One of the things I noticed about Kiley's work is the sculptural feel she has for her subjects, and it would be interesting for Katie to try her hand at sculpture. With clay and modeling, the masking of the face done in several of her works would be unnecessary. She could finish out or not finish out the clay or casting material to the extent she wished. I say this because I get the same feeling looking at her paintings that I have gotten from viewing some of Henry Moore's sculptures. There is the same interaction of figures, using a suggestion of form and weight of the body without specific detailed illustration.
I also noticed - when I cropped some photographs of her work - that as her images were simplified, they became more dramatic. It seems that Katie is also on to this, because two of her works - Back Bridge and Black and Blue - are more elemental and less documentary that the others. Rather than showing a full head and torso as she does in Embrace, we see only the back and sleeve of a shirt. Because Katie uses the contrast of light and dark in her work, it appears to me that she wants to enhance the drama of these images.
Even in her more sculptural work, you can capture a more dramatic feel by cropping the image. A stark detail of Embrace, for instance, shows only part of the head and forearm.

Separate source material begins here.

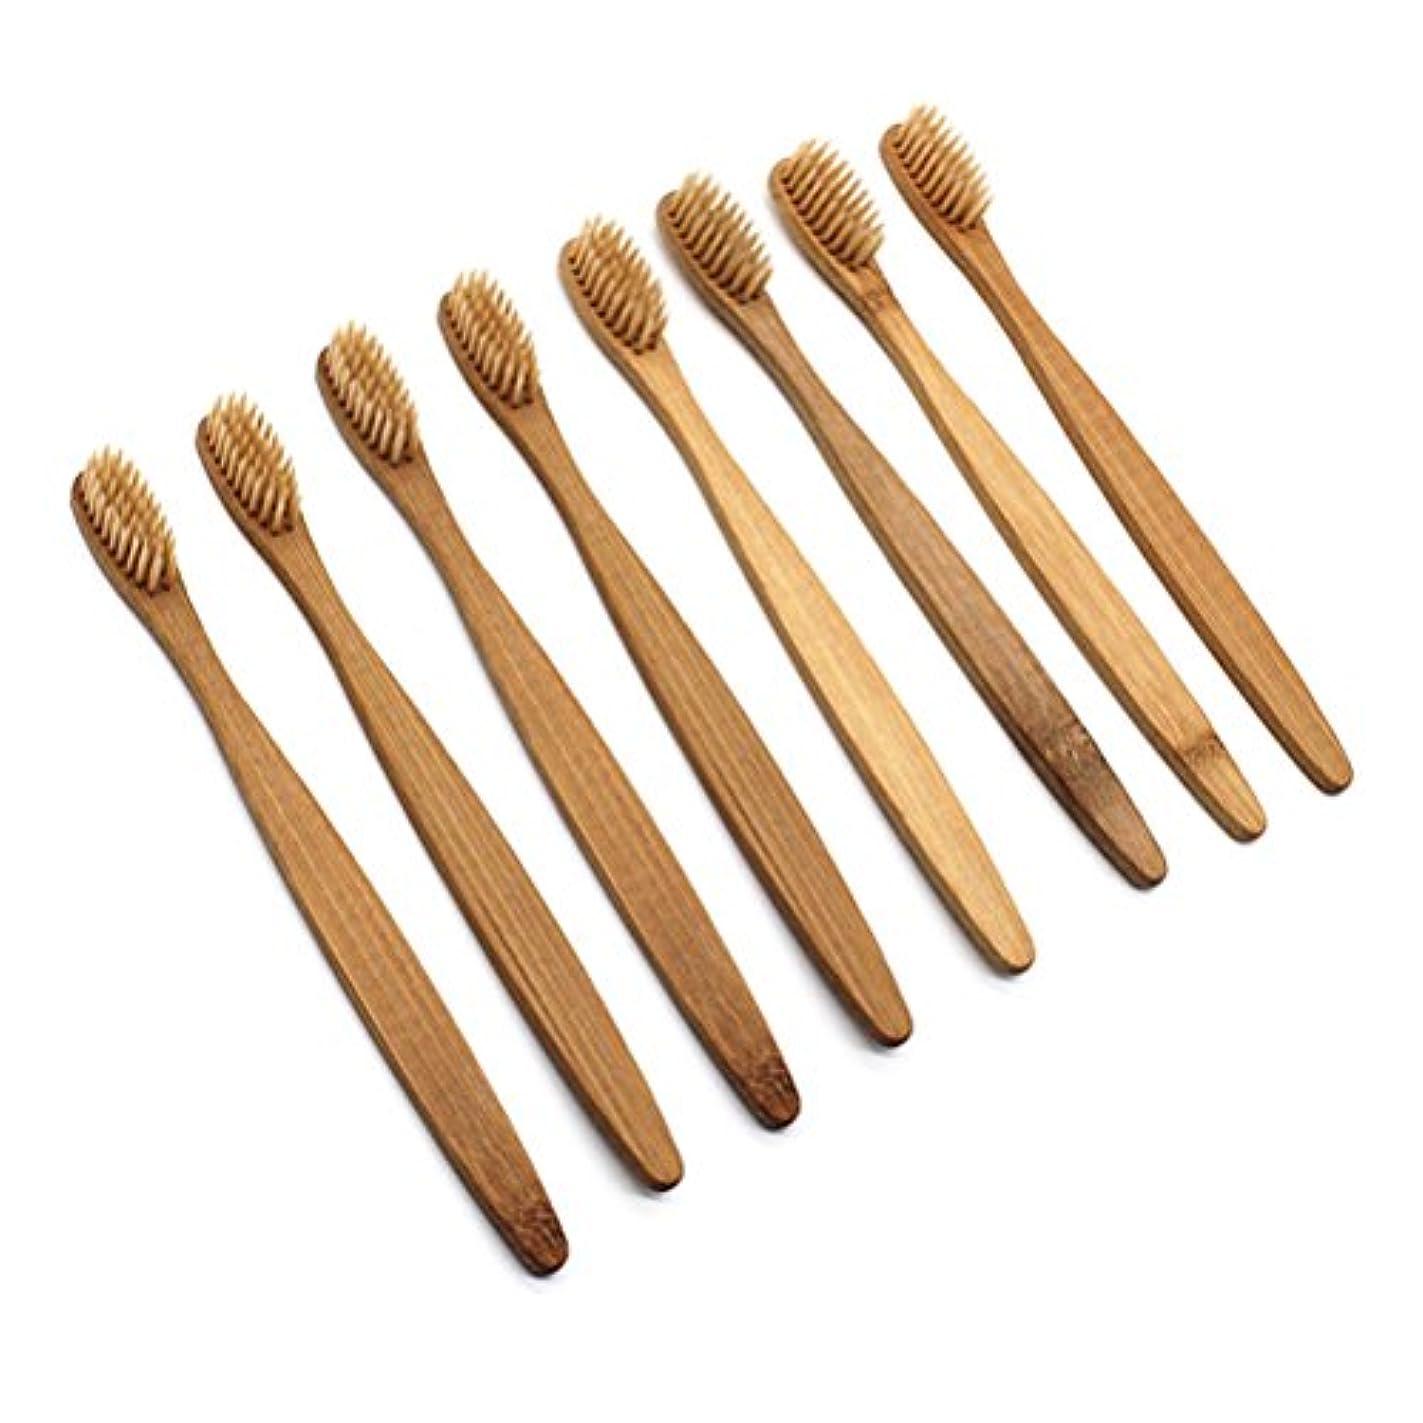 上回るサスペンドペチコートHeallily 敏感な歯茎のための柔らかい剛毛が付いているタケ歯ブラシ16pcsの自然な木の歯ブラシ環境に優しい歯ブラシ

Steve Sinner works in wood and writes, "A passionate love for the beauty of wood is the basis of my ardor to create art from this fickle material. I seek to reveal this passion to the viewer. ... Seeking new ways for wood to express beauty is a constant, and I frequently am uncertain if the expressions more properly belong to the wood or to me." The last statement by Sinner echoes Michangelo's comment that images were contained within the blocks of marble delivered to him; it remained only for the artist to uncover them. It is that tension between artist and medium that Sinner expresses so well.
Sinner has 19 works in this show, ranging in price from $170, to $250 for many, to $5,000 for his maple vase with silver leaf Only an Ocean Away. The prices for these works appear quite reasonable; I haven't often seen wood turnings of this quality available for such a low price. One more unusual feature in Sinner's work is the use of piercings in his goblets. Steve talks about this with reference to his goblet Windows: "Vertical piercing is used here to create a feeling of the arts-and-crafts style. The larger openings are filled with translucent red material." He also has a piece whose pattern of piercings recalls the spans of a famous Quad Cities landmark, titled Centennial Bridge.
Steve's work shows fine craftsmanship with a flawless fit and finish. The classic shapes lend an elegant air to his work. Steve has a way of highlighting the most beautiful grains of the wood he is using. His work also radiates the love and care he puts into it.
The current show at MidCoast Fine Arts gallery is well worth the trip to the Iowa Welcome Center in LeClaire. The pieces are reasonably priced and would be good investments that might appreciate in value, besides being lovely additions to one's visual environment.